Eduardo S. Brondizio speaks to a class of seated students in front of a screen that reads "Agency, agents and flows at the rural-urban interface in changing Amazonia"

By: Nick Santangelo

The Amazon is changing. With decades of coverage of deforestation, that might not exactly be breaking news. But what is relatively new is how and why it's changing. While deforestation is still a critical issue, Indiana University Bloomington Distinguished Professor Eduardo S. Brondizio was recently on campus to speak to students about the region's changing rural-urban interface.

In addition to his Amazon research, Dr. Brondizio is co-chairing the Global Assessment of Biodiversity and Ecosystem Services of the Intergovernmental Science Policy Platform on Biodiversity and Ecosystem Services. The group's 150 authors will soon produce the first comprehensive report on global biodiversity loss since 2005.
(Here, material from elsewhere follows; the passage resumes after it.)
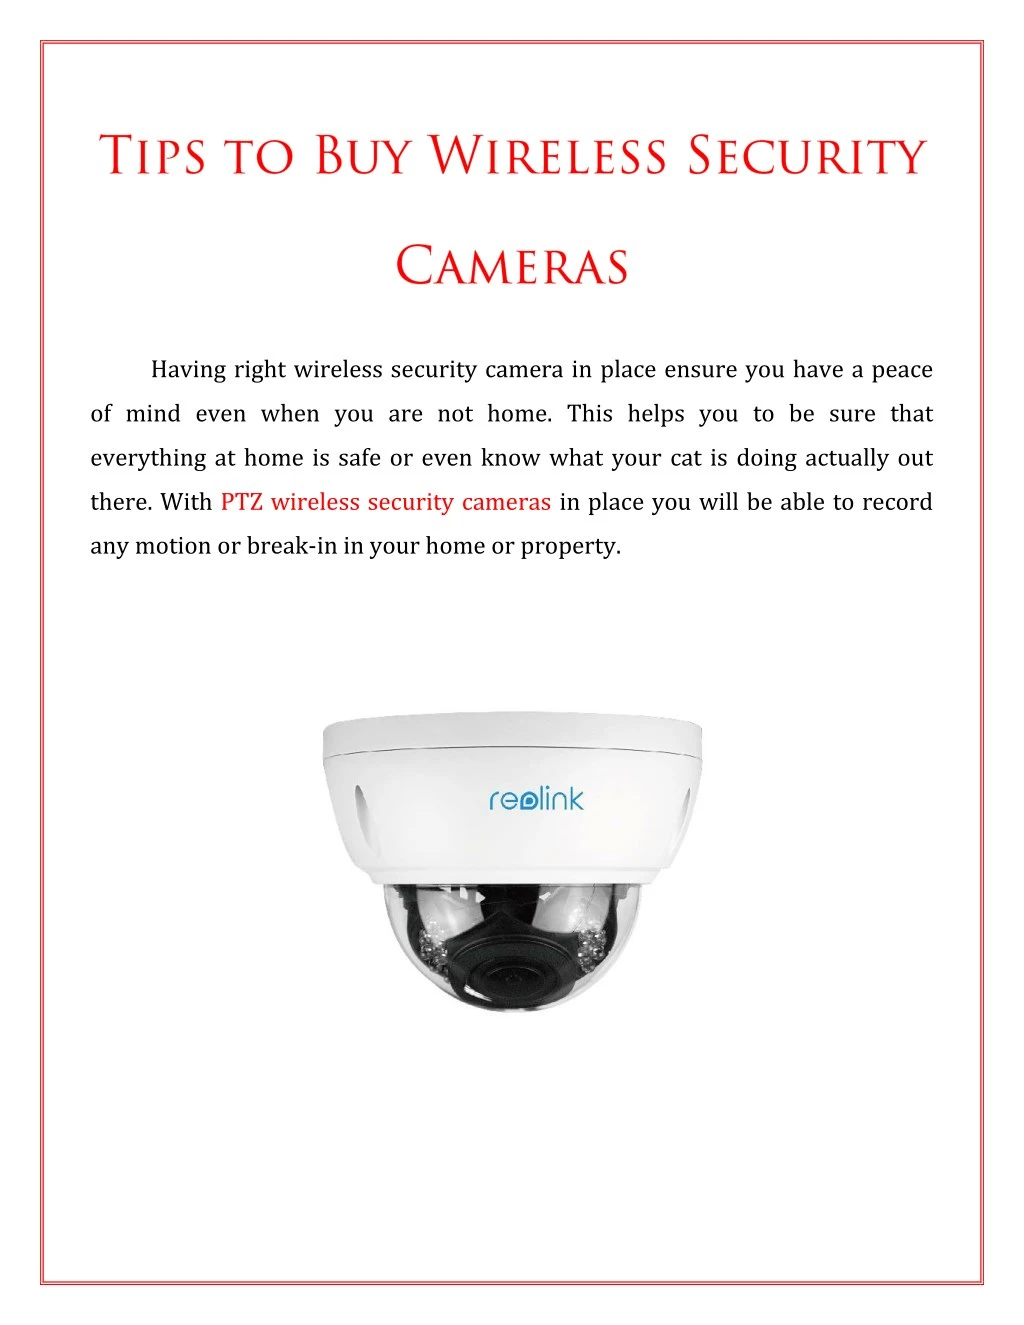 having right wireless security camera in place

But when Dr. Brondizio spoke in Gladfelter Hall as a guest of the Center for Sustainable Communities, his focus was the Amazon. The professor said that, since WWII, changes have occurred so fast that just when researchers begin to understand them, things have changed again. 

Most recently, there has been an "explosion of infrastructure systems in the last 30 years." That explosion has manifested itself in the form of new roads, cellular towers, dams, reserves, protected areas and more. Dr. Brondizio's research has focused on understanding what has fueled these changes on the ground and what impact they're having on South Americans living in the region.

"Understanding the region today requires us to understand the conditions of this process," he told College of Liberal Arts (CLA) students Friday.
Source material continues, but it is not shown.